Researchers have found that information about economic inequality focusing on the disadvantages facing people from the lower-socioeconomic class leads Americans to engage more with the issue and to express greater support for action to mitigate inequality.
Researchers at NYU and the University of California, Irvine have found that information about economic inequality focusing on the disadvantages facing people from the lower-socioeconomic class, as opposed to messages highlighting advantages the upper-class receive, leads Americans to engage more with the issue and to express greater support for action to mitigate inequality.
The work, which appears in the journal Nature Human Behaviour, included five studies.
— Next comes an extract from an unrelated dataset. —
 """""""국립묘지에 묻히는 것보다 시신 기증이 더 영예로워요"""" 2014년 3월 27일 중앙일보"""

They investigated whether the manner in which economic inequality and policy are communicated—either framed as upper-socioeconomic class advantages or lower-socioeconomic class disadvantages—influences Americans’ reactions to inequality.
Using multiple methodologies (social media engagement as well as in-person and online surveys) and national samples of both lower-class and upper-class Americans, the researchers found that participants were more receptive to messages that focused on reducing poverty (vs. reducing the gap between rich and poor) and on lower-class disadvantages (vs. upper-class advantages).
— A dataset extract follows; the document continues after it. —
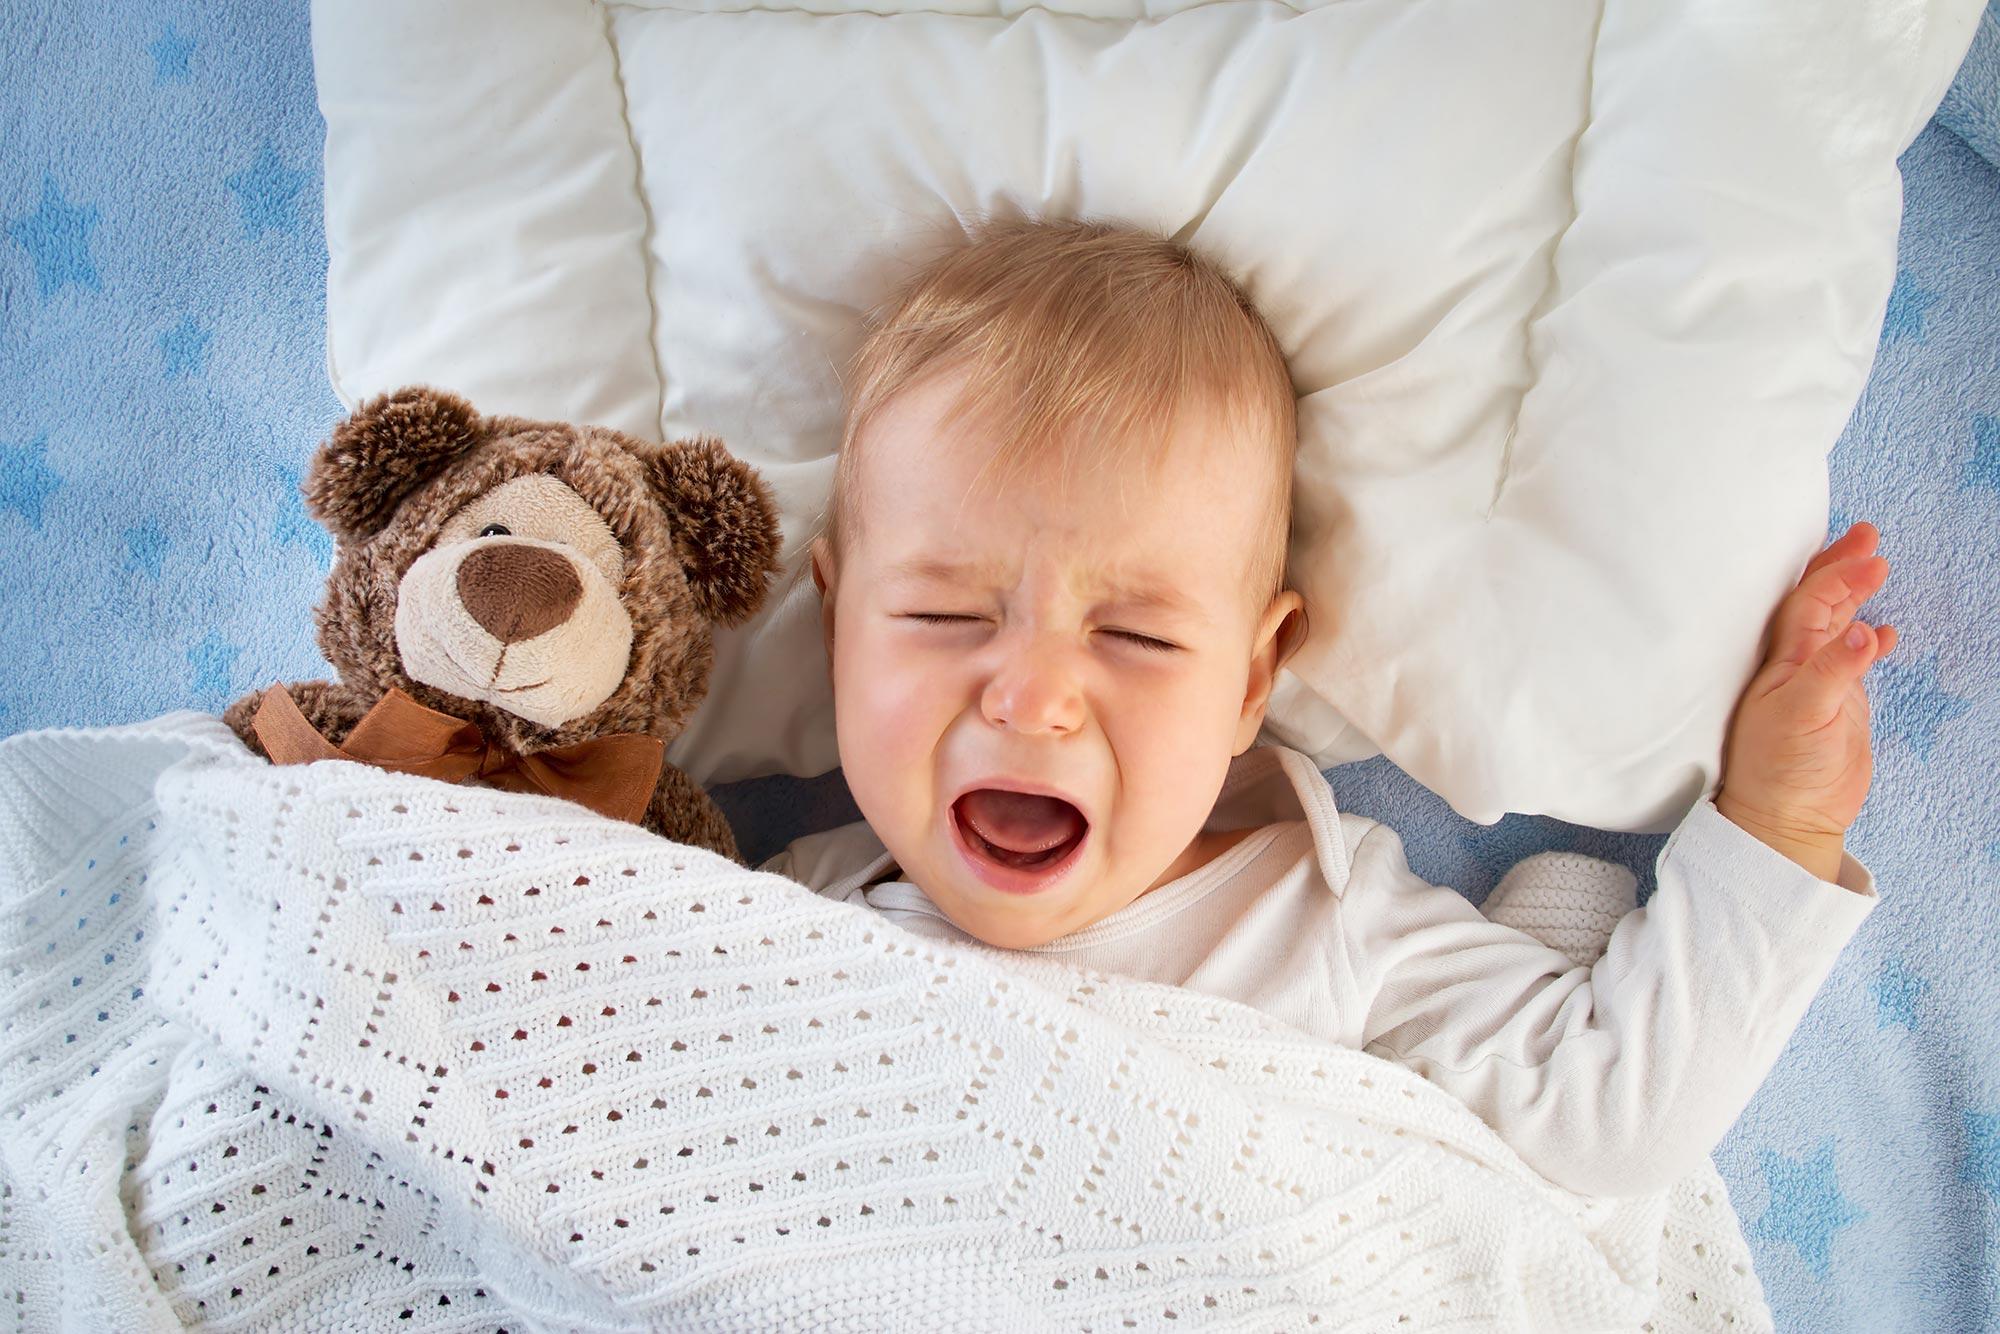 Kind schreit Nachts - Was tun?

“These views, in part, are driven by people’s views that disadvantages faced by the lower-class are more unjust than upper-class advantages,” explains Maureen Craig, a professor in NYU’s Department of Psychology and the paper’s senior author.
The findings may also offer guidance to policy makers in their pursuit of programmatic remedies to address economic inequality.
“This research suggests that simple changes in the framing of economic inequality—particularly, focusing on the disadvantages faced by lower-class Americans—can heighten perceptions of injustice and enhance support for action to reduce inequality,” observes Pia Dietze, a postdoctoral researcher at UC Irvine and the paper’s lead author.
The research was supported by a grant from the National Science Foundation (NSF-BCS-1823840).